Almanacco del 26 giugno, anno 1963: in occasione della visita ufficiale a Berlino Ovest, il presidente statunitense John Fitzgerald Kennedy pronuncia l’iconica frase “Ich bin ein Berliner”. La locuzione, che in italiano si traduce come “io sono un berlinese”, diventerà una delle più note e popolari della breve presidenza del democratico. Solamente cinque mesi più tardi Kennedy troverà la morte per assassinio nella città di Dallas, Texas.
Berlino non era una città qualunque. La storica capitale tedesca era ben addentro il territorio di competenza sovietica. Tuttavia le grandi potenze vincitrici della Seconda Guerra Mondiale, si accordarono per una spartizione amministrativa della città. Si distinsero ben presto quattro settori: uno controllato dagli USA, uno dalla Francia, uno dal Regno Unito e l’ultimo – ad est – dall’Unione Sovietica. La tensione della Guerra Fredda aumentò tra il 1948 e il 1949 a tal punto da costringere Mosca ad ordinare il blocco della città. Al gesto gli Alleati non poterono fare altro che rispondere con un ponte aereo. Si organizzarono voli umanitari per rifornire di cibo e quant’altro i settori occidentali di Berlino.
Nel 1952 Berlino era l’ultimo punto di contatto tra Est ed Ovest; ovunque il confine si era militarizzato, segnando una spaccatura tra i due blocchi. Si spiegò così la fiumana di gente che tra anni ’50 e primi anni ’60 abbandonò la DDR per la BRD. Un salasso demografico – come lo hanno chiamato alcuni degli storici più noti dello scorso secolo – che scaturì nella Repubblica Democratica Tedesca una cronica mancanza di forza lavoro e di conseguenza la minaccia di un collasso economico. Per porre rimedio a questa situazione Walter Ulbricht, il primo storico leader della Germania Est, nel 1961 fece disseminare il confine tra le due parti della capitale di filo spinato. Nel giro di pochi mesi il fil di ferro si tramutò in cemento armato: nasceva il Muro di Berlino.
Il neoeletto presidente americano, ossia il democratico Kennedy (già scottato dalla Baia dei Porci e immerso nei preparativi per l’invio di truppe in Vietnam), sostenne con fermezza la causa di Berlino Ovest e della Bundesrepublik Deutschland.
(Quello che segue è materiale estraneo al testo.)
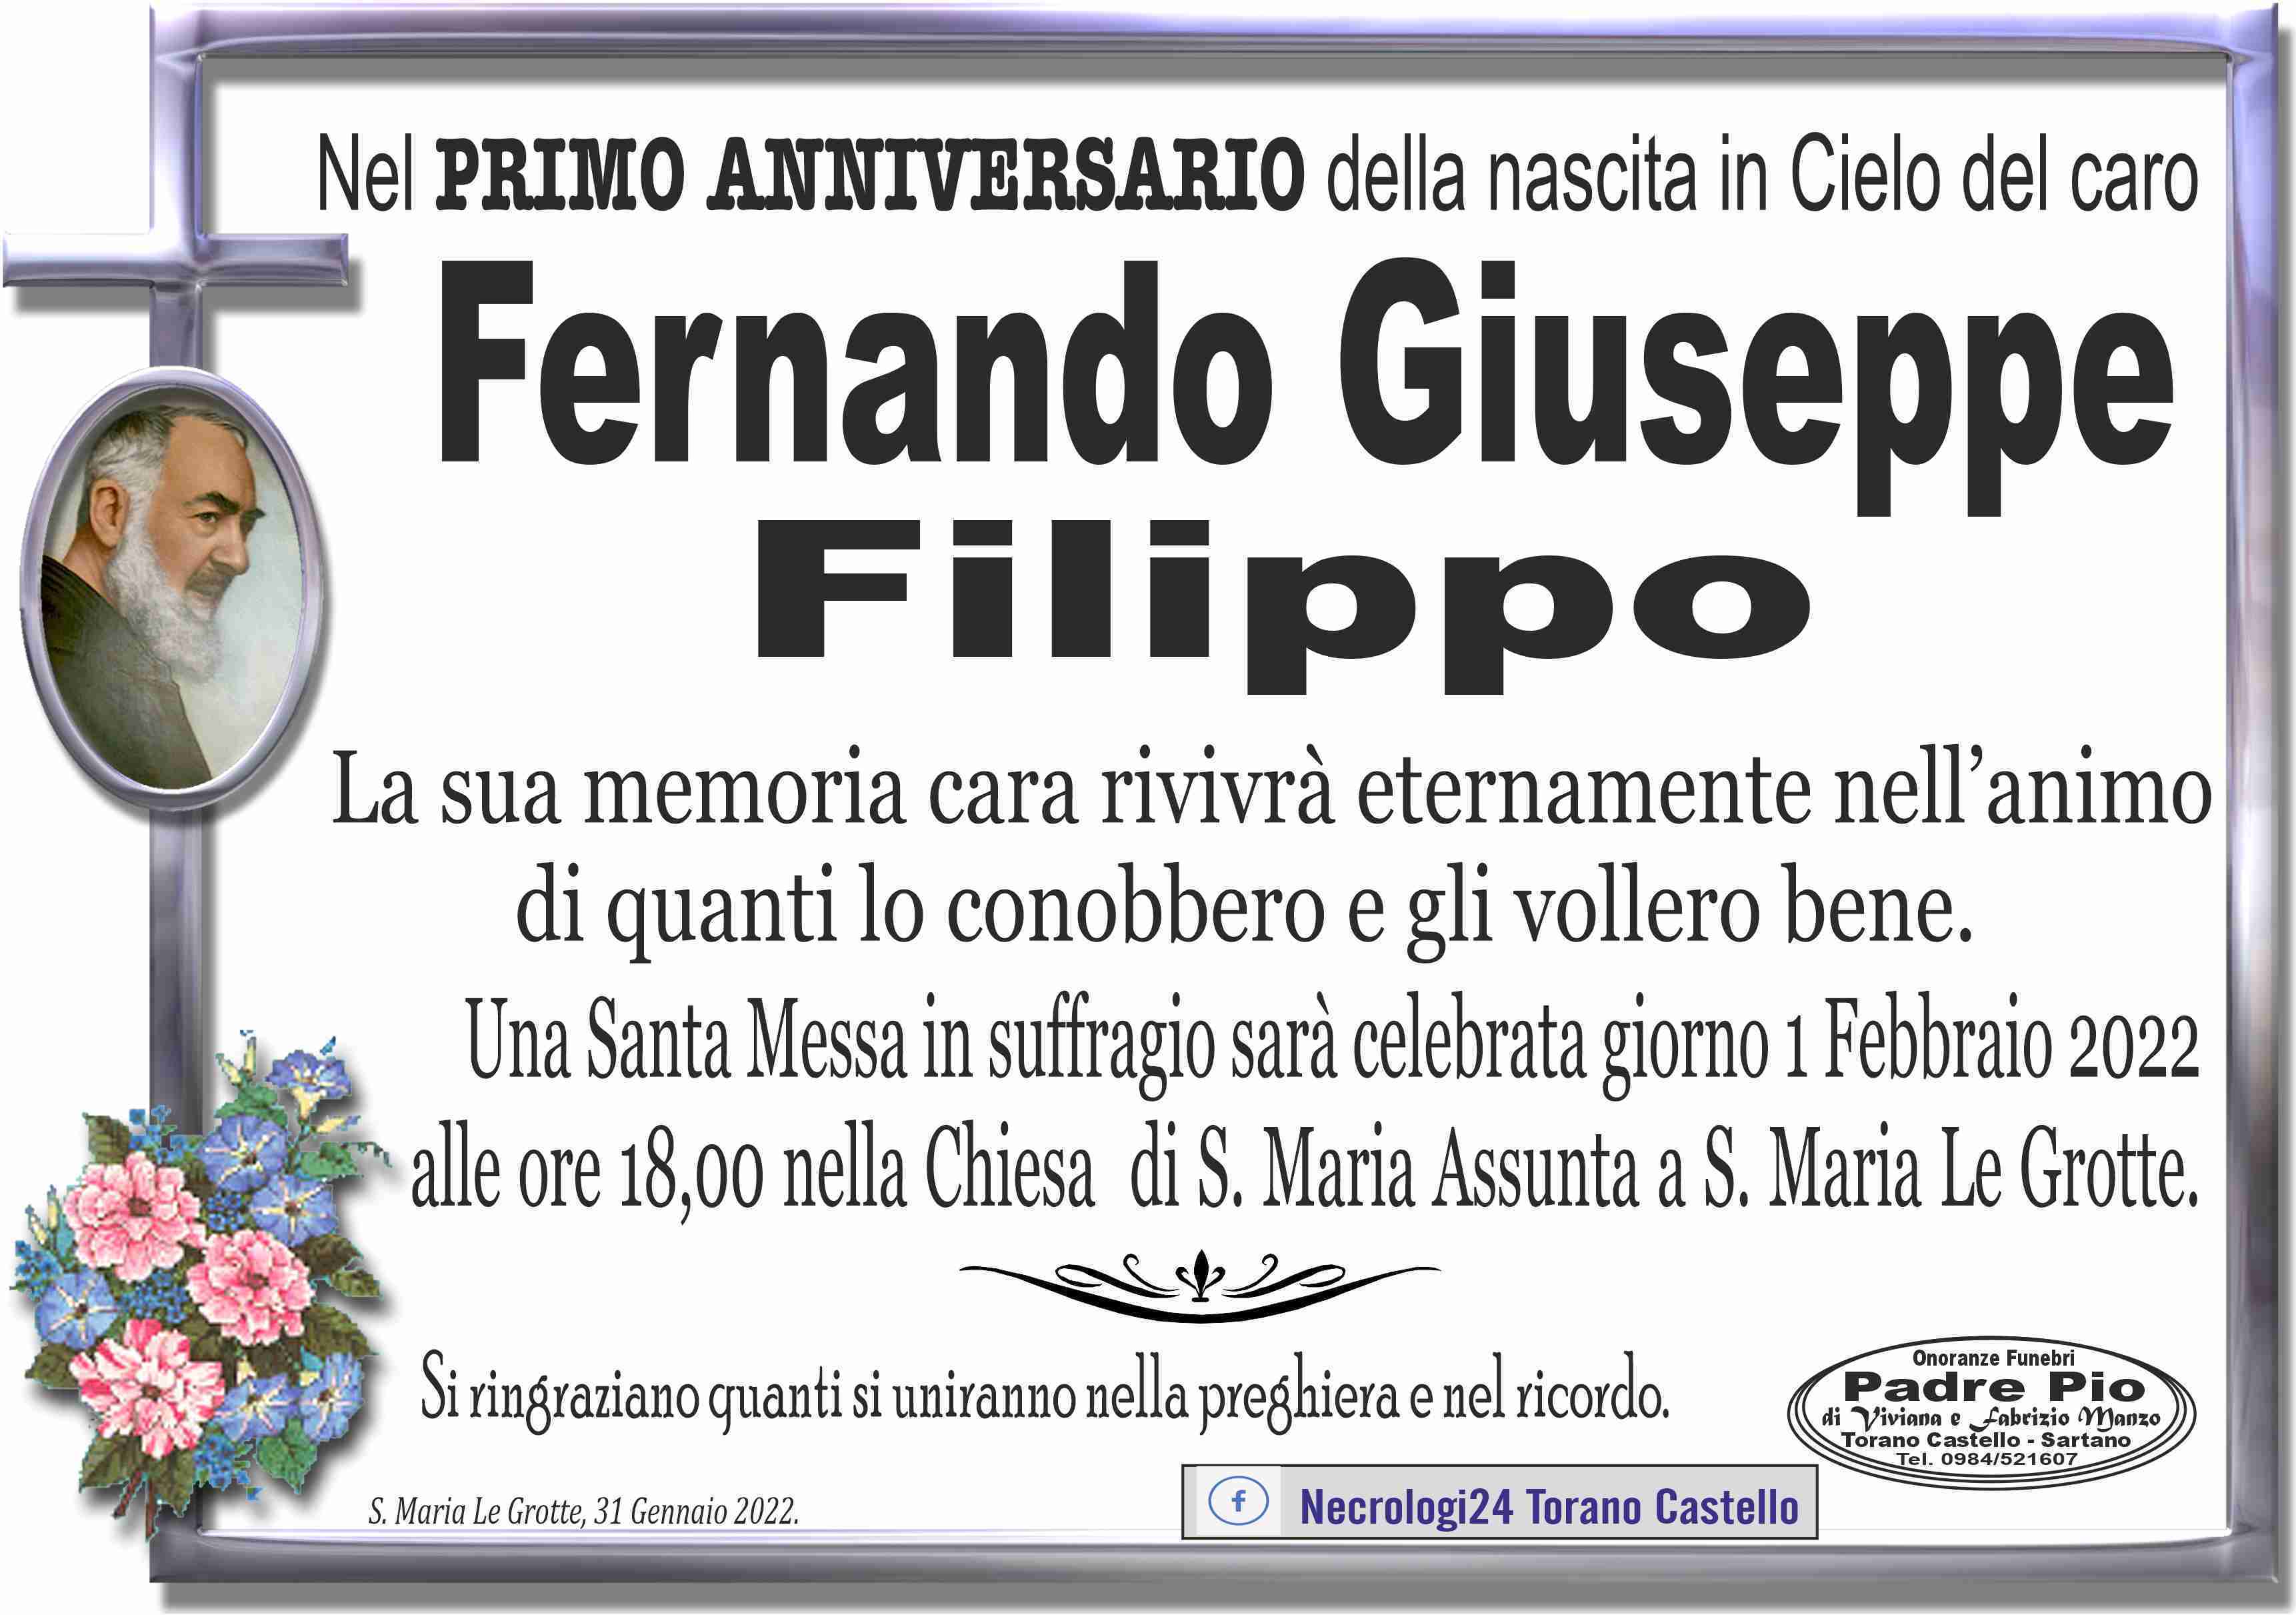 Fernando Giuseppe Filippo
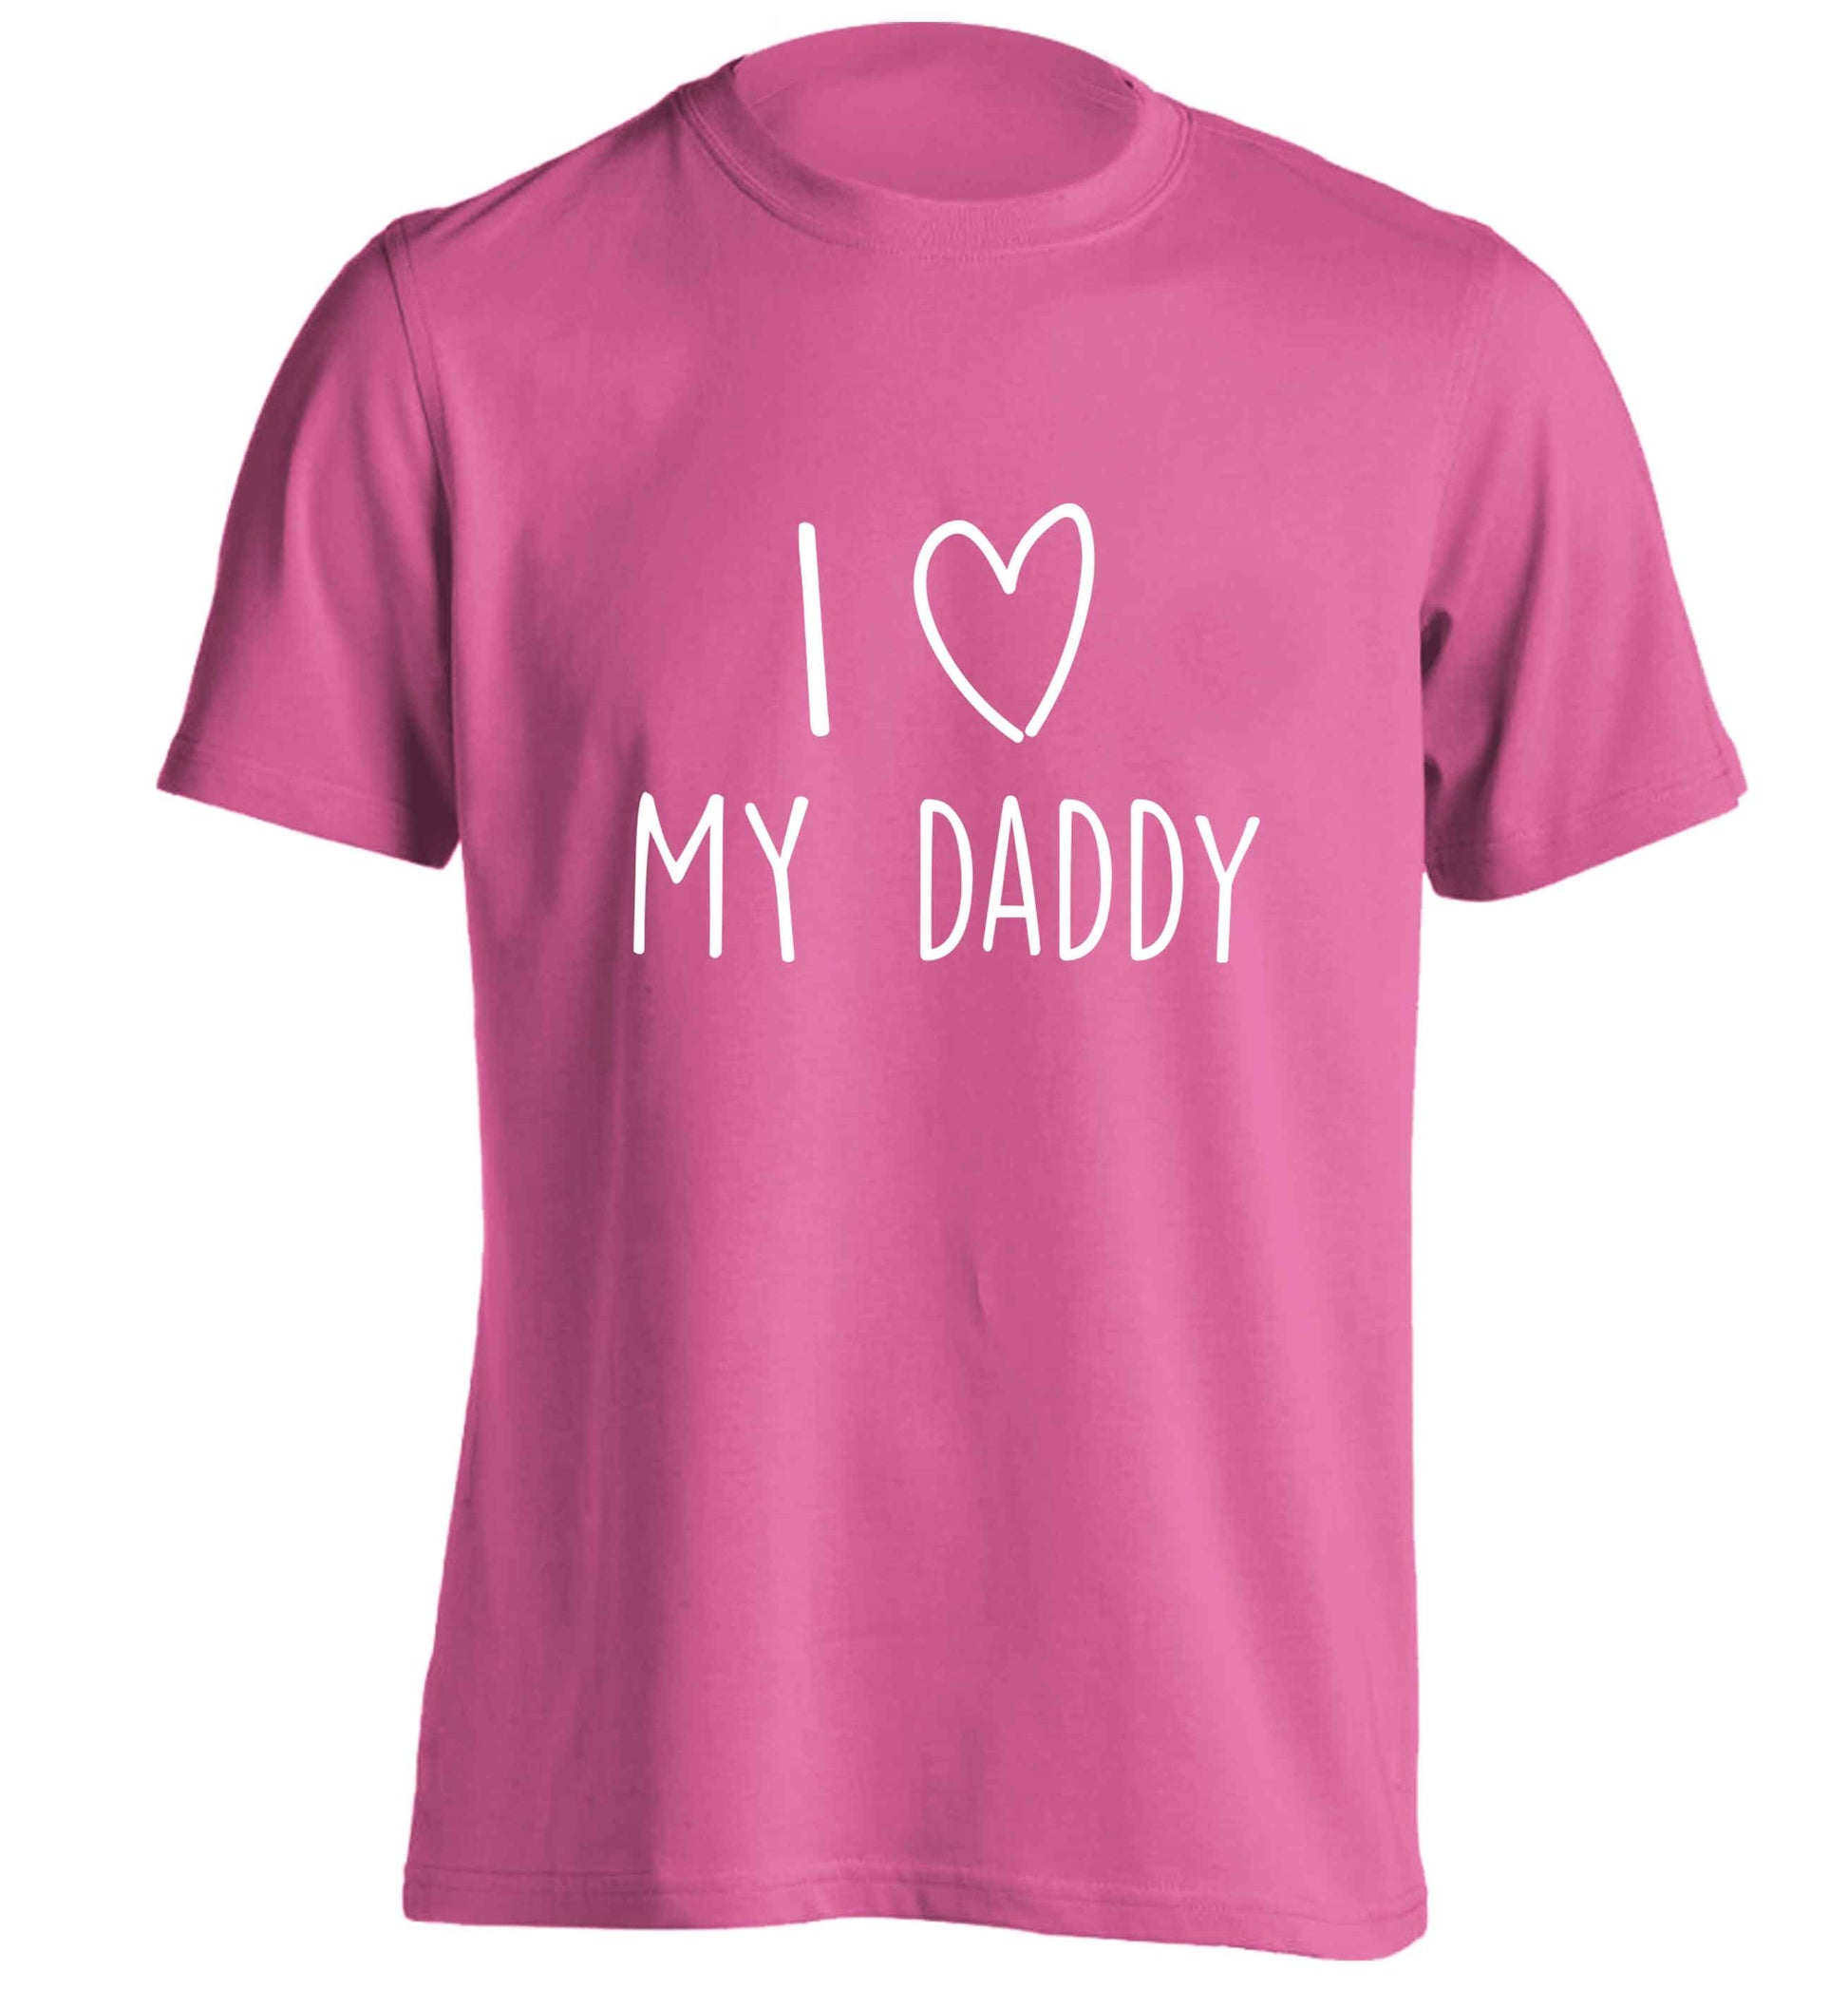 I love my daddy adults unisex pink Tshirt 2XL

Sostegno e supporto morale che con un grande discorso datato 26 giugno 1963 J.F.K. comunicò ai berlinesi occidentali, a tutti gli effetti cittadini di un enclave nell’Est. Parlando dal balcone del Municipio di Schöneberg (allora sede dell’amministrazione comunale), il presidente americano disse: “Duemila anni fa l’orgoglio più grande era poter dire ‘civis Romanus sum’. Oggi, nel mondo libero, l’orgoglio più grande è dire ‘Ich bin ein Berliner‘. Tutti gli uomini liberi, dovunque essi vivano, sono cittadini di Berlino, e quindi, come uomo libero, sono orgoglioso delle parole ‘Ich bin ein Berliner!”.
Non poche critiche piovvero sul discorso di Kennedy. Quelle parole avevano un peso specifico notevole. Da una parte il presidente USA riconosceva lo status quo nella città di Berlino. Così facendo però disconosceva gli accordi di Potsdam e dunque la quadruplice amministrazione del territorio berlinese. Leggendo tra le righe, i termini utilizzati da Kennedy alludevano chiaramente ad una legittimazione di Berlino Est in quanto facente parte della Germania Est e del blocco sovietico. A tutti gli effetti si trattava di un riconoscimento ufficiale.
L’eredità di quel monologo così incisivo è ancora oggi sotto gli occhi di tutti, o sarebbe più corretto dire, sotto i piedi di tutti! La piazza in cui J.F. Kennedy tenne il discorso è l’odierna Kennedyplatz.